(Entries taken from a collection)
########

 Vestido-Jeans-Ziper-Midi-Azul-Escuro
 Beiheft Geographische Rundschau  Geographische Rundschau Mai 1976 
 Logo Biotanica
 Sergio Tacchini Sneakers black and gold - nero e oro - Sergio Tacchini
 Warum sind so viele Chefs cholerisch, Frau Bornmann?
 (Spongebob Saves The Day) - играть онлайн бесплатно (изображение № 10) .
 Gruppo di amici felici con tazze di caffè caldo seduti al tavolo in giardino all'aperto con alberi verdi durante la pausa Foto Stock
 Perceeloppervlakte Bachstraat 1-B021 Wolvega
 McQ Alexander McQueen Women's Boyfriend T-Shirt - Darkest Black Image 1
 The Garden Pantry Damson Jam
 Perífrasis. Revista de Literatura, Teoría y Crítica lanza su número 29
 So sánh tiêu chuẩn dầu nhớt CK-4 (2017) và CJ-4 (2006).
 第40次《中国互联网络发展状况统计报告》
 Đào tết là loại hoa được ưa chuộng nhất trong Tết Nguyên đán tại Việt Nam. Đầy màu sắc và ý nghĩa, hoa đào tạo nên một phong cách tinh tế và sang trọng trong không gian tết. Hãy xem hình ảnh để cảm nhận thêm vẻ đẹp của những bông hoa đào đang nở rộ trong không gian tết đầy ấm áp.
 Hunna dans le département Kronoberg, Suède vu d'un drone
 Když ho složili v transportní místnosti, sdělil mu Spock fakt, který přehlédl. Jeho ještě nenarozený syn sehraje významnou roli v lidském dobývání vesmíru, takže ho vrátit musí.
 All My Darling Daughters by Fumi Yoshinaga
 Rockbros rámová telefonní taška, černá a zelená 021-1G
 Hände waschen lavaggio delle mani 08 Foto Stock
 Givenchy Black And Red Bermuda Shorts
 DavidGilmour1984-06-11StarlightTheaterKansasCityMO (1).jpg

########

This exercise requires the entries above to be restated exactly.

_TASK RESULT_
 Vestido-Jeans-Ziper-Midi-Azul-Escuro
 Beiheft Geographische Rundschau  Geographische Rundschau Mai 1976 
 Logo Biotanica
 Sergio Tacchini Sneakers black and gold - nero e oro - Sergio Tacchini
 Warum sind so viele Chefs cholerisch, Frau Bornmann?
 (Spongebob Saves The Day) - играть онлайн бесплатно (изображение № 10) .
 Gruppo di amici felici con tazze di caffè caldo seduti al tavolo in giardino all'aperto con alberi verdi durante la pausa Foto Stock
 Perceeloppervlakte Bachstraat 1-B021 Wolvega
 McQ Alexander McQueen Women's Boyfriend T-Shirt - Darkest Black Image 1
 The Garden Pantry Damson Jam
 Perífrasis. Revista de Literatura, Teoría y Crítica lanza su número 29
 So sánh tiêu chuẩn dầu nhớt CK-4 (2017) và CJ-4 (2006).
 第40次《中国互联网络发展状况统计报告》
 Đào tết là loại hoa được ưa chuộng nhất trong Tết Nguyên đán tại Việt Nam. Đầy màu sắc và ý nghĩa, hoa đào tạo nên một phong cách tinh tế và sang trọng trong không gian tết. Hãy xem hình ảnh để cảm nhận thêm vẻ đẹp của những bông hoa đào đang nở rộ trong không gian tết đầy ấm áp.
 Hunna dans le département Kronoberg, Suède vu d'un drone
 Když ho složili v transportní místnosti, sdělil mu Spock fakt, který přehlédl. Jeho ještě nenarozený syn sehraje významnou roli v lidském dobývání vesmíru, takže ho vrátit musí.
 All My Darling Daughters by Fumi Yoshinaga
 Rockbros rámová telefonní taška, černá a zelená 021-1G
 Hände waschen lavaggio delle mani 08 Foto Stock
 Givenchy Black And Red Bermuda Shorts
 DavidGilmour1984-06-11StarlightTheaterKansasCityMO (1).jpg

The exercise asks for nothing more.